Questo mondo in bianco e nero ci ricorda la storia appena trascorsa, osservata attraverso una lente sfaccettata che ci mostra ogni singolo aspetto dell’umanità, che ci strappa un sorriso, che ci colpisce, che ci fa riflettere e ci fa pensare ai rapporti tra le persone, ai diversi punti di vista, alle varie interpretazioni che di una situazione possiamo cogliere. Erwitt sembra essere sempre presente nell’attimo perfetto per immortalare uno scatto, a volte sembra imprimere la propria visione a una scena del tutto spontanea, sembra trovare nella quotidianità elementi e particolari che riescono a colpire la nostra attenzione, a suscitare in noi una riflessione. Non solo reporter quindi, ma anche artista che riesce a creare un’empatia tra se stesso e la realtà e, di conseguenza, tra i suoi scatti e il pubblico.

É interessante la sala dedicata alla partnership con il brand Jacob Cohen: il concept dell’attuale campagna pubblicitaria del marchio jeans si basa su due celebri scatti del fotografo (il piccolo terrier che salta da terra accanto al padrone – di cui vediamo solo i piedi – e l’immagine presa al Museo del Prado di Madrid – un gruppo di uomini che osserva il quadro de “La maja desnuda” di Goya e, accanto a loro, una donna che osserva “la maja vestida”). Queste immagini risalenti agli anni ’80 e ’90 sono state rivisitate e attualizzate da Erwitt, veicolando al meglio l’immagine dei jeans del marchio italiano.
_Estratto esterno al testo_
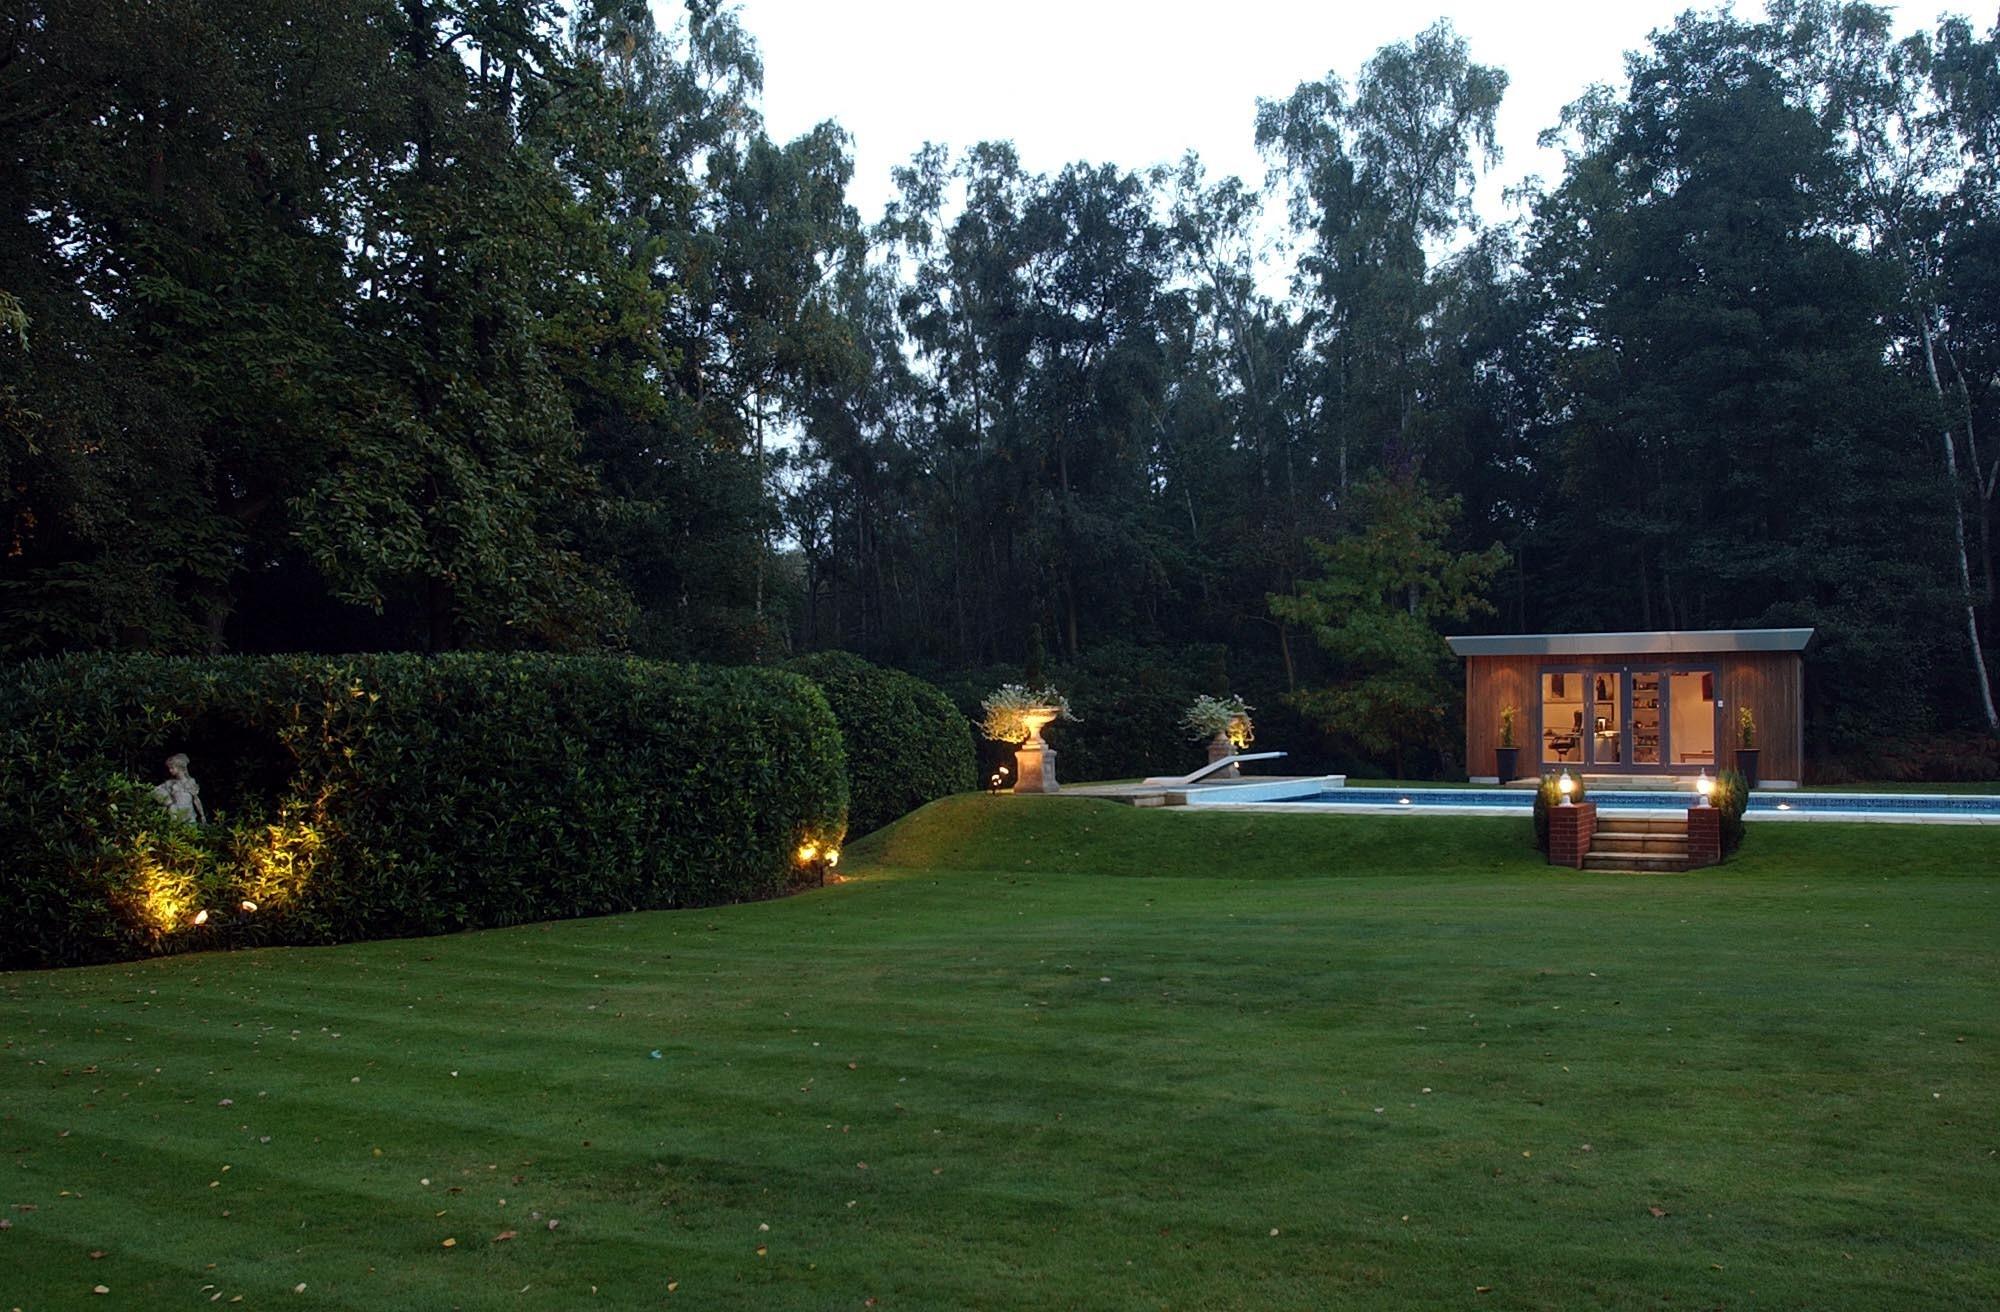 Moderno luxury garden room in landscaped garden

La mostra è ben organizzata; entrando nella Casa dei Tre Oci si trova subito il bookshop che vende, oltre a pubblicazioni fotografiche molto belle, anche alcuni gadget tematizzati “Tre Oci”; le sale sono spaziose e ariose, permettono di gustarsi al meglio l’esposizione; dalle finestre che si affacciano sul retro del palazzo, si può ammirare un curatissimo giardino con bambù e ortensie e tetti rossi con comignoli allungati.
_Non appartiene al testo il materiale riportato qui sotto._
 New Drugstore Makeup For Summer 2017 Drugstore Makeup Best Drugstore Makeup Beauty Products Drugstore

Questo gioiello architettonico d’inizio del secolo scorso si presta molto bene all’esposizione fotografica. Solo la vista del panorama, di Punta della Dogana e di Piazza San Marco in particolare e delle facciate dei palazzi che si rincorrono affacciandosi sul canale in generale, rapisce lo sguardo e distoglie l’attenzione. Al secondo piano la vista è bellissima, per un attimo silenzioso si ruba al caos e alla folla l’immagine della città lagunare.